- Task objective
From the entries that follow, pick out all lines holding "Wolf".

- Material shown
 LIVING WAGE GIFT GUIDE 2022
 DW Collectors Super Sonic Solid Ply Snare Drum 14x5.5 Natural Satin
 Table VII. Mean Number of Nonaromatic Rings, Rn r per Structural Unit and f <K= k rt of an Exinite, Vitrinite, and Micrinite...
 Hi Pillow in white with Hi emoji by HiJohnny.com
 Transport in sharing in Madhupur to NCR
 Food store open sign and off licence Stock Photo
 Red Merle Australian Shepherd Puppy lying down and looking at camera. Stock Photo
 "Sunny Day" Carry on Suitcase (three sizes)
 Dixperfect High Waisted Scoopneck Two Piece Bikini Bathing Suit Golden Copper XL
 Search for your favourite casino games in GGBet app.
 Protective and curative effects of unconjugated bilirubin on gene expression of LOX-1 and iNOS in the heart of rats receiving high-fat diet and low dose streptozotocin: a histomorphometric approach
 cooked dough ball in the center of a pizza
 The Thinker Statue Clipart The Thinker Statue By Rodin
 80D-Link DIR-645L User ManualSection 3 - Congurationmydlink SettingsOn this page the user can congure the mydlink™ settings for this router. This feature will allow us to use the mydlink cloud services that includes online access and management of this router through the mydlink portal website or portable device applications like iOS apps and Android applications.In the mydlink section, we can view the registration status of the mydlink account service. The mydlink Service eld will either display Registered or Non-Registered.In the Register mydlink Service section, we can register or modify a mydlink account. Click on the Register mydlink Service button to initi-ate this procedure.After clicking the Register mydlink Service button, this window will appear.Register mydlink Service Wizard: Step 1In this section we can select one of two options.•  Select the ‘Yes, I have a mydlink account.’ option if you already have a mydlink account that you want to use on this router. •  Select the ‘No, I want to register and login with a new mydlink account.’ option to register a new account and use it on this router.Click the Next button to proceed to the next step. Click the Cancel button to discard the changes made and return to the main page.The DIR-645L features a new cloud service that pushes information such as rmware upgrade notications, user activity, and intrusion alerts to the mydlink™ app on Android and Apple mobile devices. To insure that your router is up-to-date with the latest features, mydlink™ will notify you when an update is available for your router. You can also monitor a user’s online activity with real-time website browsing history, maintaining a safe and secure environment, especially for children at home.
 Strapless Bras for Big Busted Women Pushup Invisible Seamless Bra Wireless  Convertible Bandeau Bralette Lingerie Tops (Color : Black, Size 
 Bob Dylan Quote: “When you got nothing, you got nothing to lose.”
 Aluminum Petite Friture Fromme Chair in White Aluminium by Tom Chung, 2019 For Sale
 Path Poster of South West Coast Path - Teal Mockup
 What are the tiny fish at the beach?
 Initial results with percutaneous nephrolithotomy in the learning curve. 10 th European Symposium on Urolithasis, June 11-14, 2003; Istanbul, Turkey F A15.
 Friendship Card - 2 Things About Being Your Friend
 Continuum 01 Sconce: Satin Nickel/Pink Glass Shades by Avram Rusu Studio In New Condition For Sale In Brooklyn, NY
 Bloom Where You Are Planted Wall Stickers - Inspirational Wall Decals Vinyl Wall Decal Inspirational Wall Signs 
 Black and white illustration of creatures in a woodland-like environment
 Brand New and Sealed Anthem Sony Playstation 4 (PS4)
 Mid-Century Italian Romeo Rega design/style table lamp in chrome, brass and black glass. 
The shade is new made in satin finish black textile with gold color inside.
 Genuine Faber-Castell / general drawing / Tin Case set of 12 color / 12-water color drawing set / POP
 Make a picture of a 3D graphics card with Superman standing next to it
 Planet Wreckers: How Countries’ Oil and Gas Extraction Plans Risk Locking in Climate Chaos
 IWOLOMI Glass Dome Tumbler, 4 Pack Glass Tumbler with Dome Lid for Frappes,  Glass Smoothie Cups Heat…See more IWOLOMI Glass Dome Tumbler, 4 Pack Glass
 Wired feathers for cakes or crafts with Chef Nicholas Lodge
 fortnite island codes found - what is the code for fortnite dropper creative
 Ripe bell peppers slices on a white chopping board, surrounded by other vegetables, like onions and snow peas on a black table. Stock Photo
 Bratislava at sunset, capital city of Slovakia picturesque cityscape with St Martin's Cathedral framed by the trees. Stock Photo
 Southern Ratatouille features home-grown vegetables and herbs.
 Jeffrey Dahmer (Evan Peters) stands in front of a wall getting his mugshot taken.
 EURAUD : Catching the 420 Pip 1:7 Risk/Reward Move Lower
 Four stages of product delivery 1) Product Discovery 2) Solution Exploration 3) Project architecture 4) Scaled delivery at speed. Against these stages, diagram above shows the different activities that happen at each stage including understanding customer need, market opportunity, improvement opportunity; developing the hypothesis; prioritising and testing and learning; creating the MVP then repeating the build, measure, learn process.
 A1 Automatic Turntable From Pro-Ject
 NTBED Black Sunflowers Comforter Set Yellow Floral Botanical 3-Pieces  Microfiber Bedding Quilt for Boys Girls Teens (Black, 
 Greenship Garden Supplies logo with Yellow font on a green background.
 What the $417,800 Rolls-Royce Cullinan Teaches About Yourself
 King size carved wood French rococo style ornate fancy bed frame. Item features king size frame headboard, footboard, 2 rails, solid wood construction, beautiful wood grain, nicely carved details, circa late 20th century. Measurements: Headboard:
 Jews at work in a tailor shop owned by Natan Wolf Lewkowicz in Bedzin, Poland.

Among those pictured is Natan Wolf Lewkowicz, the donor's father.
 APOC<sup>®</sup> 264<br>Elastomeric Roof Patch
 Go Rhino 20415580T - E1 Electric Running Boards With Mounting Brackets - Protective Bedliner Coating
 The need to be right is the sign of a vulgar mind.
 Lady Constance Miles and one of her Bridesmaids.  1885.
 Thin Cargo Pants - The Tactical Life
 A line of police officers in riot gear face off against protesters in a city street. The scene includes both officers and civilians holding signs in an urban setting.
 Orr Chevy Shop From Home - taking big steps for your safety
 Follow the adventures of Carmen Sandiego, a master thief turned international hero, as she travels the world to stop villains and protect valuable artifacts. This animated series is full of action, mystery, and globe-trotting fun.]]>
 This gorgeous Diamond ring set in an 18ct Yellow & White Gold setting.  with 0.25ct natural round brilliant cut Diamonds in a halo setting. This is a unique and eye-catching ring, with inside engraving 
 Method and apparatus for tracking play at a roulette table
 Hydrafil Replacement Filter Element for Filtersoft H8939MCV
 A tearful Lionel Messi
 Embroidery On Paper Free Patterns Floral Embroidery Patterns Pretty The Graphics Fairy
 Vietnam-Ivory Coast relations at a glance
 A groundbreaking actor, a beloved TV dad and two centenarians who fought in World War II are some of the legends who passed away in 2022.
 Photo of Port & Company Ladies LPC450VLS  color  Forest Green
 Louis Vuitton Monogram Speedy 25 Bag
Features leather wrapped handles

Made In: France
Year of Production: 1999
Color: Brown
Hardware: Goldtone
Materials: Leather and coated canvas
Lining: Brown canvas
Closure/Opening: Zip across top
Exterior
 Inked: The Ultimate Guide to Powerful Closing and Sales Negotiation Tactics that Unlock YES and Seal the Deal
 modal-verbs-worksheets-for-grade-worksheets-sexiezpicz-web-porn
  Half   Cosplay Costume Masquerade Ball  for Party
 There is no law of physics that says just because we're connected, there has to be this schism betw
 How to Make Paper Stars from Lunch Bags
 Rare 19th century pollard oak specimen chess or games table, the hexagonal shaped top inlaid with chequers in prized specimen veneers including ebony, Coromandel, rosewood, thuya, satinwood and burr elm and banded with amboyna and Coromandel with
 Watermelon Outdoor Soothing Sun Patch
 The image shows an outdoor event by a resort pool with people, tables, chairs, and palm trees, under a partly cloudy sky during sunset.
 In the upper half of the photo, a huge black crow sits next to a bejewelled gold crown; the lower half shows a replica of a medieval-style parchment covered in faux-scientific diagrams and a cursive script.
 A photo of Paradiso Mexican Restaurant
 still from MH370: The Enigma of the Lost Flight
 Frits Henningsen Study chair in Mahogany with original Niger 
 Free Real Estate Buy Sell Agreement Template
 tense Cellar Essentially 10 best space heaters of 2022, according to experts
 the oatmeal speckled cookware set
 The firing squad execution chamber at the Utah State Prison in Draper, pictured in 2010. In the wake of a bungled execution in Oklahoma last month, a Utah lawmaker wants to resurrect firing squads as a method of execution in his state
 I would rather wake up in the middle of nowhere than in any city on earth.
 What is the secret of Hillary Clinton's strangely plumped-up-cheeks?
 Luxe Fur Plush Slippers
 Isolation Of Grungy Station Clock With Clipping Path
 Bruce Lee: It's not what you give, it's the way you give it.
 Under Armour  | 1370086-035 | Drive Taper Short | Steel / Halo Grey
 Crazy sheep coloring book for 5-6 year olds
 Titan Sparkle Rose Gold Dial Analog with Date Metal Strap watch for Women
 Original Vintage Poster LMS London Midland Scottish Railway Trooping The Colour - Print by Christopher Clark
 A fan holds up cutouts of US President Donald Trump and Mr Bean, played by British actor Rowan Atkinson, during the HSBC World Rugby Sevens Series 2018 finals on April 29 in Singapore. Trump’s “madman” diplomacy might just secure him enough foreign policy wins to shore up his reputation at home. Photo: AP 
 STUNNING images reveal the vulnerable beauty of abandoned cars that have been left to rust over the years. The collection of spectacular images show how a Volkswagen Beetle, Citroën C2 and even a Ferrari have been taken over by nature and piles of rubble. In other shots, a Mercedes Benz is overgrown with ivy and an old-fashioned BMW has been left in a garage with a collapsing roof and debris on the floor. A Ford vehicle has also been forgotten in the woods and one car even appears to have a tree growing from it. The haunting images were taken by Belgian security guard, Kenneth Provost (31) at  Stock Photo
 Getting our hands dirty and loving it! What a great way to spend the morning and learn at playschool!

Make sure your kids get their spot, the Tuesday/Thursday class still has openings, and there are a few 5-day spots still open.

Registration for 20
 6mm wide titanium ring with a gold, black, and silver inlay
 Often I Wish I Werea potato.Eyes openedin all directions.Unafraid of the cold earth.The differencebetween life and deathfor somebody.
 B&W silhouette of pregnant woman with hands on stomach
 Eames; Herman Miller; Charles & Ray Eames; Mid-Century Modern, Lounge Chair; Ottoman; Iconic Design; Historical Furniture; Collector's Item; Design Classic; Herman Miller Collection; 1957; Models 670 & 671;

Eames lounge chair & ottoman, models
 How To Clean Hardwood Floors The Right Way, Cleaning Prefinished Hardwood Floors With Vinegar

- Expected answer
 Jews at work in a tailor shop owned by Natan Wolf Lewkowicz in Bedzin, Poland.
Among those pictured is Natan Wolf Lewkowicz, the donor's father.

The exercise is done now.